Hulsenberg has been part of Senior Team USA (for players age 50 and over) since 2017. Together with her teammates, she won team gold medals in 2017 and 2019 at the World Bowling Senior Championships. She also won All-Events gold in 2017 and 2019. In 2019, Leanne won gold in Doubles with partner Tish Johnson.

==Professional titles==
Major championships in bold text. (Source: 11thframe.com)

1. 1987 Columbia 300 Invitational*
2. 1987 Ebonite Invitational I*
3. 1987 Ebonite Invitational II*
4. 1988 AMF Virginia Classic
5. 1988 Columbia 300 Classic
6. 1989 Lady Ebonite Classic
7. 1989 Albuquerque Open
8. 1990 Garland Open
9. 1990 Brunswick Open
10. 1990 Hammer Western Open
11. 1991 Lady Ebonite Classic
12. 1991 Brunswick Open
13. 1991 Denver Classic
14. 1992 Hammer Eastern Open
15. 1994 Alexandria Louisiana Open
16. 1996 Lubbock Open
17. 1997 Omaha Open
18. 1998 AMF Greater Atlanta Open
19. 1998 Lehigh Valley Classic
20. 1999 Greater Atlanta Open
21. 1999 WIBC Queens
22. 2001 Lady Ebonite Kentucky Classic
23. 2001 Storm Challenge
24. 2002 Empire State PWBA Classic
25. 2002 Greater Syracuse Classic
26. 2002 Three Rivers Open
27. 2011 U.S. Women’s Open

- *Tournament conducted by Ladies Touring Players Association (LTPA).
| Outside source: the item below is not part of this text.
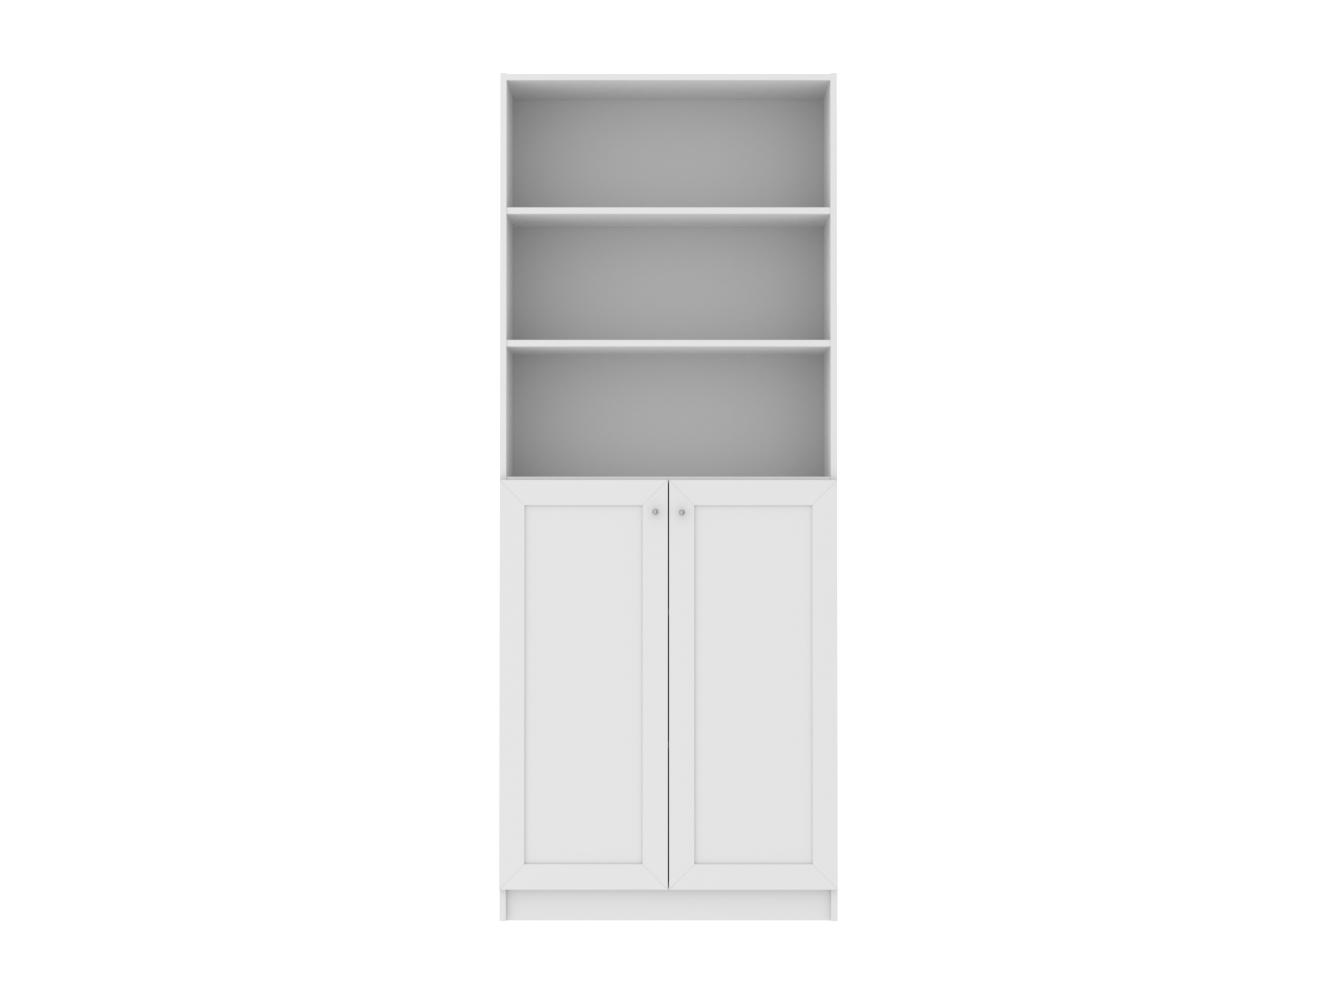  Книжный шкаф Билли 350 white ИКЕА (IKEA) изображение товара

All others conducted by PWBA.

==Personal==
During the early part of her professional career, Leanne resided in Oklahoma City, her father having been transferred there by General Motors in 1983.

Leanne's husband, Gary Hulsenberg, is a Vice President of Sales and Marketing for Storm Bowling in Brigham City, Utah, which prompted their move to the state. Leanne now also works for Storm as the Tournament and Events Manager and works with the youth and charity arm of Storm. The couple has a son, Barrett, born in 2009.